» Provided data

..........

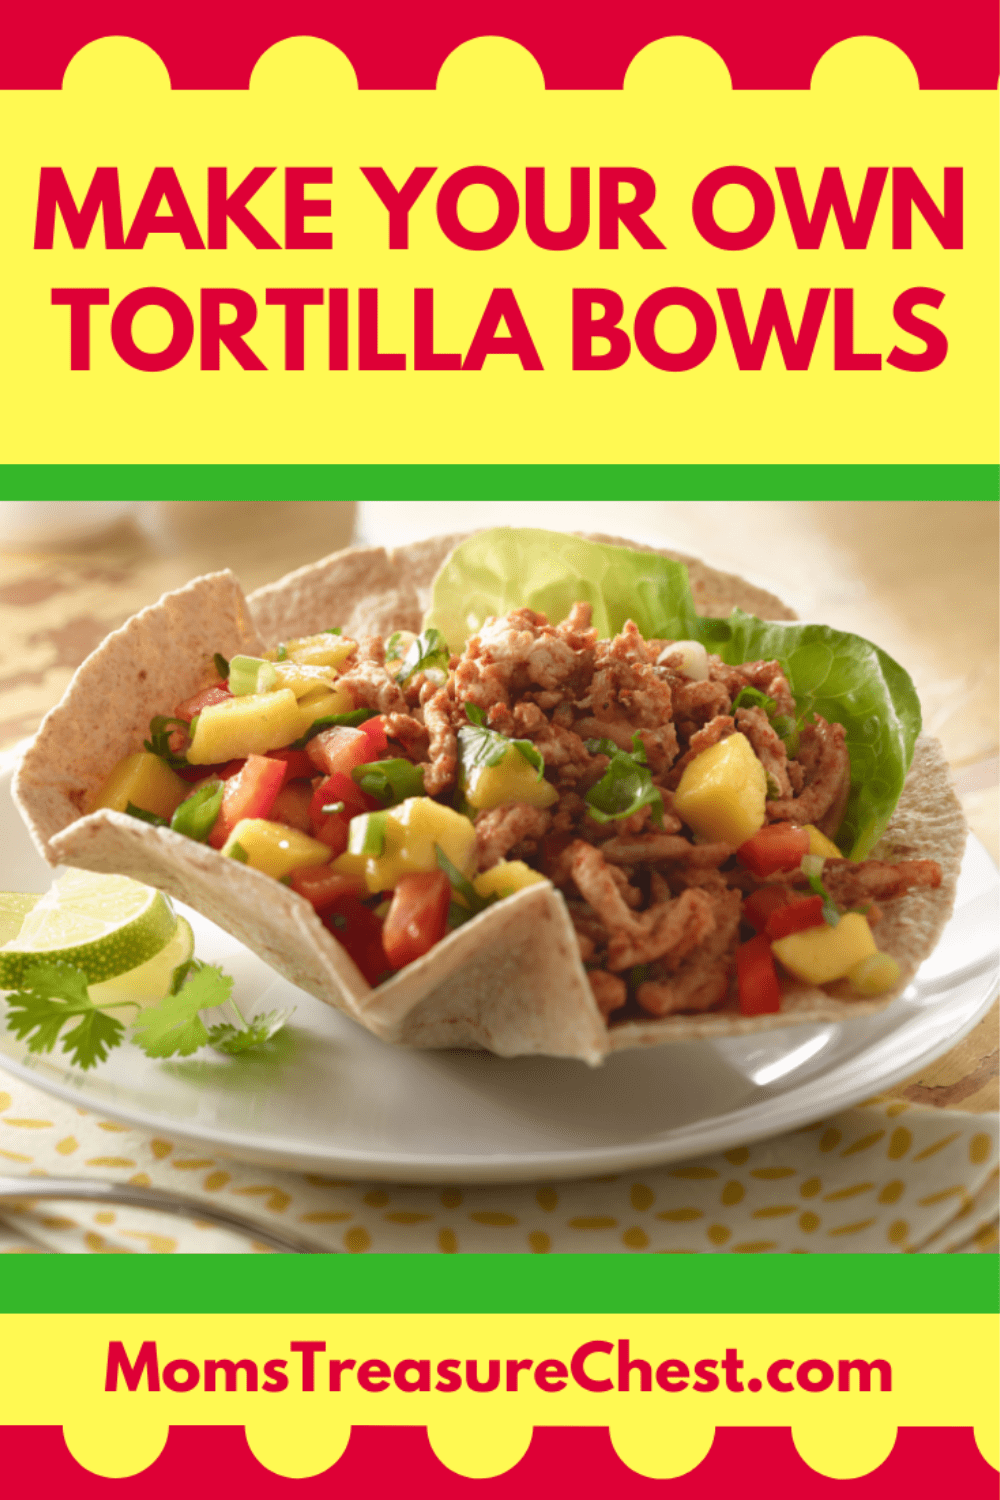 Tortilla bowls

..........

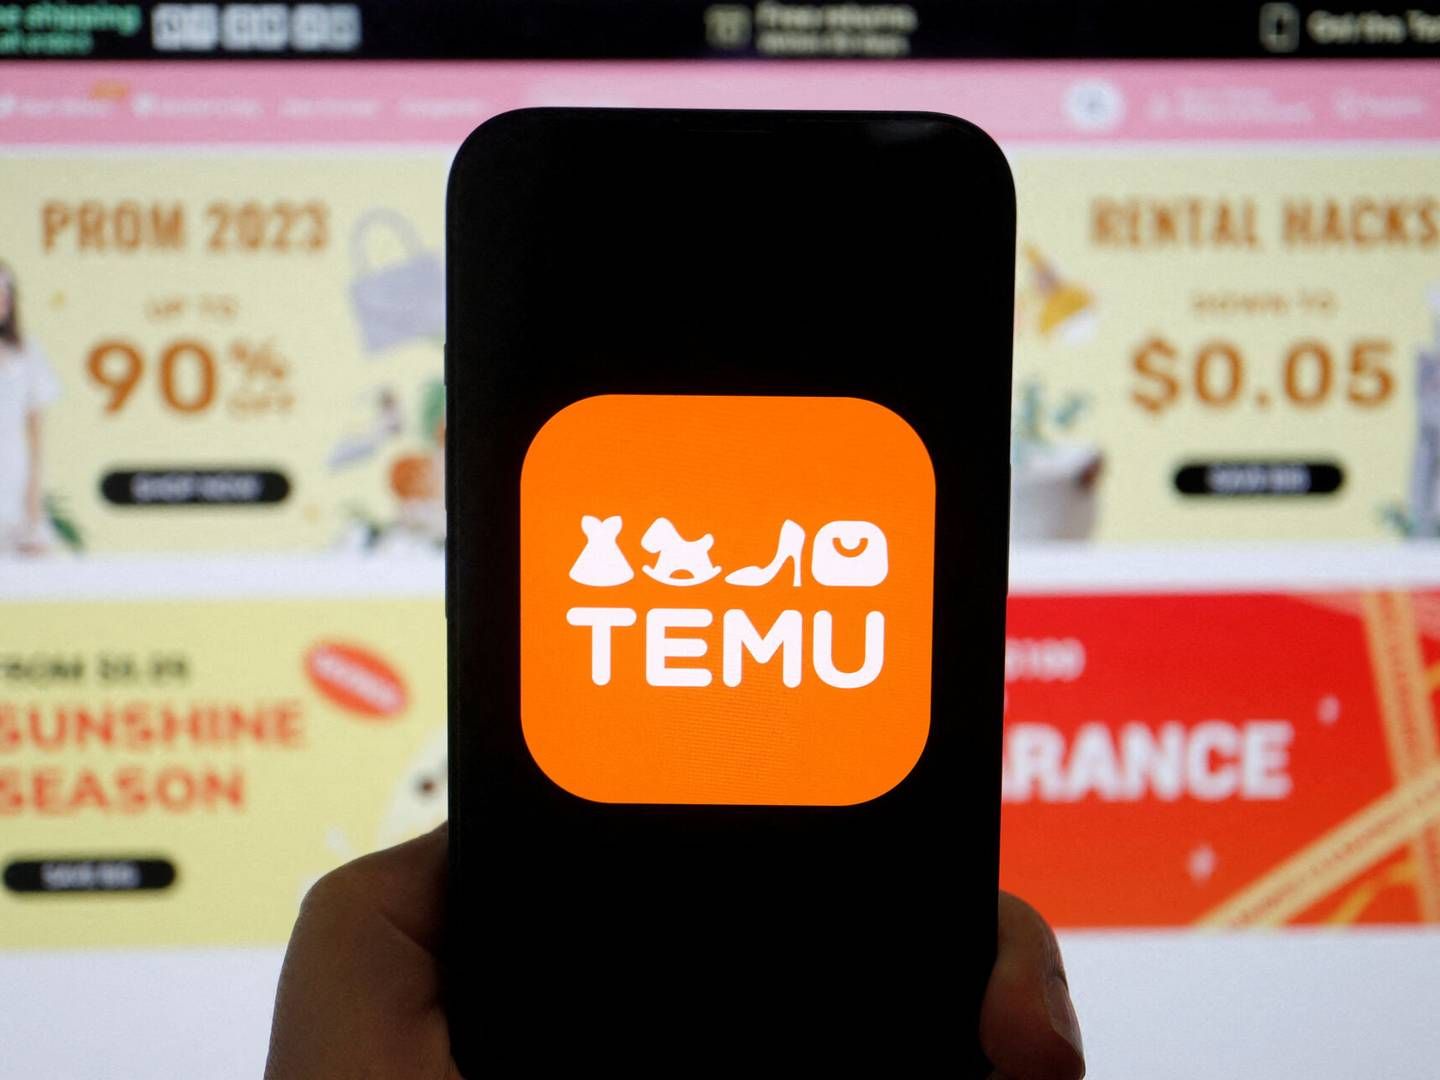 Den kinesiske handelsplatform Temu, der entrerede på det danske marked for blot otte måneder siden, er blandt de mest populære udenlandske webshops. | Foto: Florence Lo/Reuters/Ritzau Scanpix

..........

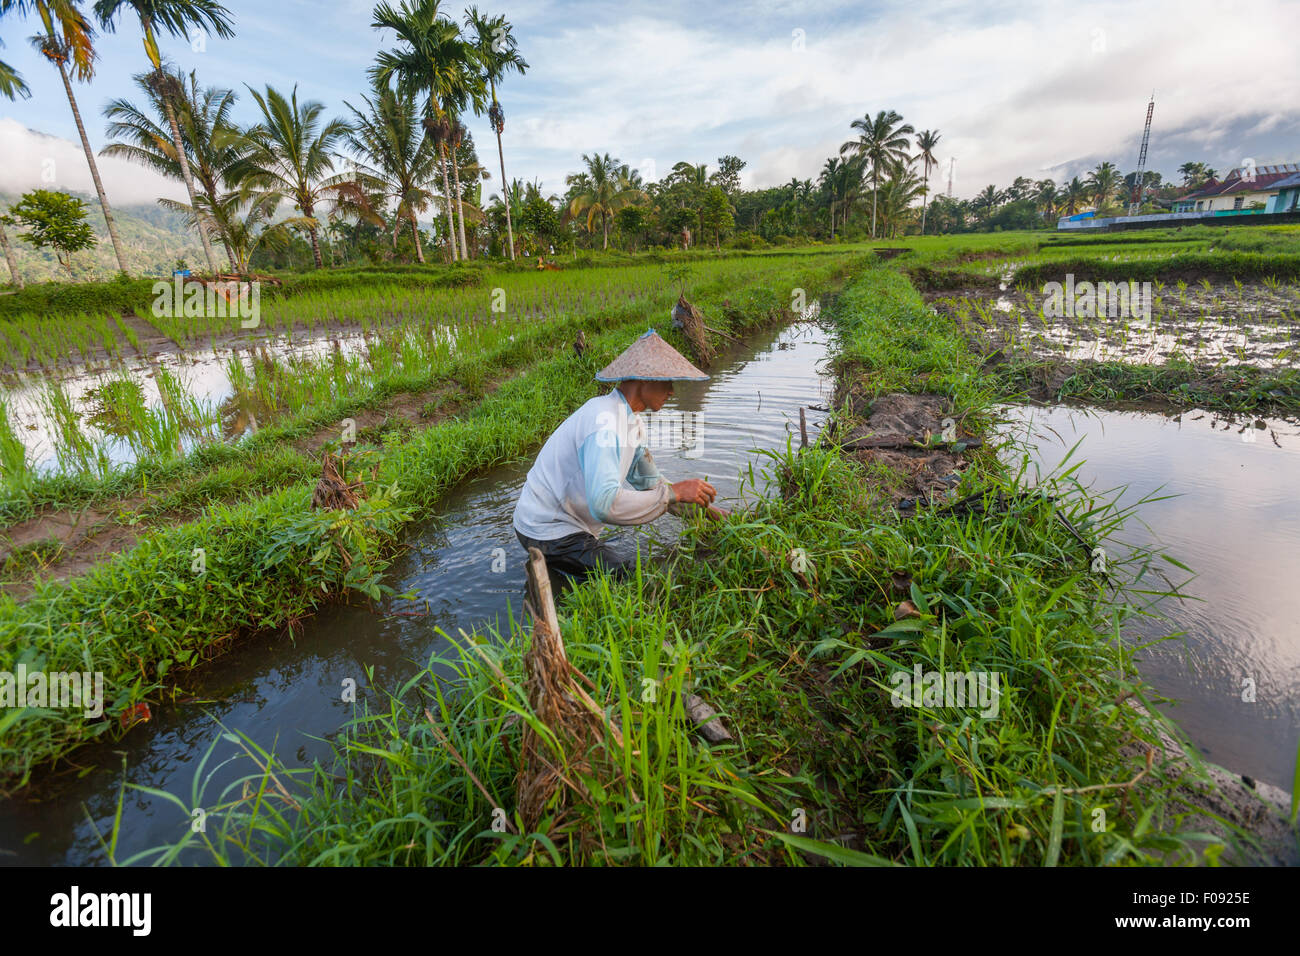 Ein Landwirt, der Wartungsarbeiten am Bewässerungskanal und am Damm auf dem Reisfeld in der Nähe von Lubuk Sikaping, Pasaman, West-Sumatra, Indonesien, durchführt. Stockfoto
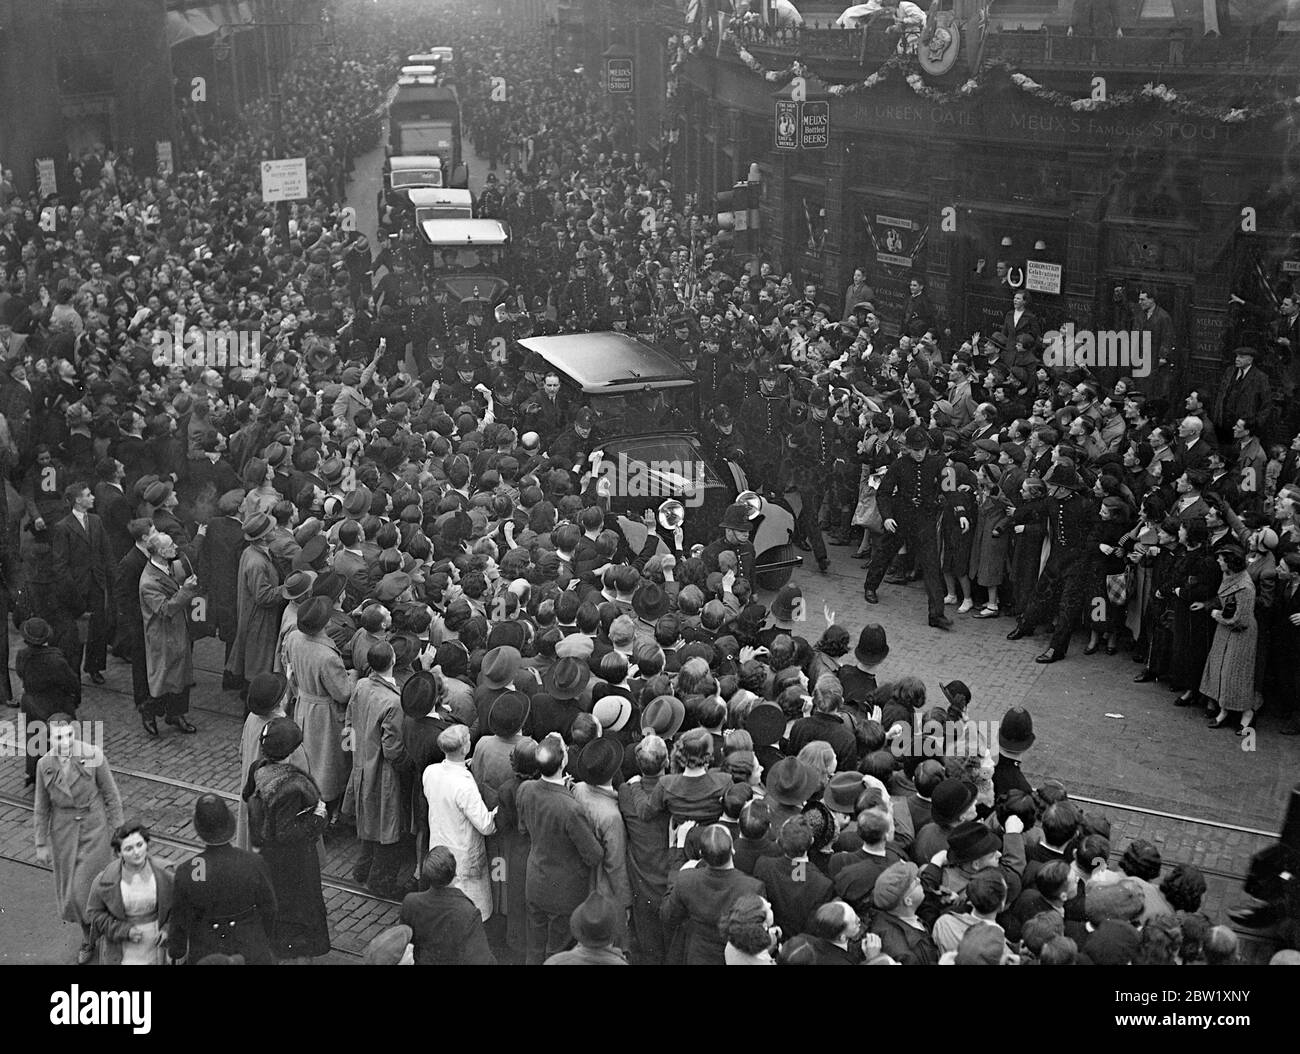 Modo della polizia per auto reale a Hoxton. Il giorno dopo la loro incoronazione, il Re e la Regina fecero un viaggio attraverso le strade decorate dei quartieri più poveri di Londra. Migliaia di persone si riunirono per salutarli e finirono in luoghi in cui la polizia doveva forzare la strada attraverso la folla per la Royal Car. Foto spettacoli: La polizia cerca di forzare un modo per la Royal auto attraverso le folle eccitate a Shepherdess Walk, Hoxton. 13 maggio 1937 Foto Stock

..........

Using the data above, which lines fall from the one with "Ein Landwirt, der" through the one with "Modo della polizia"? Repeat them exactly, ends included, minus any pictures.

» Response to the task
 Ein Landwirt, der Wartungsarbeiten am Bewässerungskanal und am Damm auf dem Reisfeld in der Nähe von Lubuk Sikaping, Pasaman, West-Sumatra, Indonesien, durchführt. Stockfoto
 Modo della polizia per auto reale a Hoxton. Il giorno dopo la loro incoronazione, il Re e la Regina fecero un viaggio attraverso le strade decorate dei quartieri più poveri di Londra. Migliaia di persone si riunirono per salutarli e finirono in luoghi in cui la polizia doveva forzare la strada attraverso la folla per la Royal Car. Foto spettacoli: La polizia cerca di forzare un modo per la Royal auto attraverso le folle eccitate a Shepherdess Walk, Hoxton. 13 maggio 1937 Foto Stock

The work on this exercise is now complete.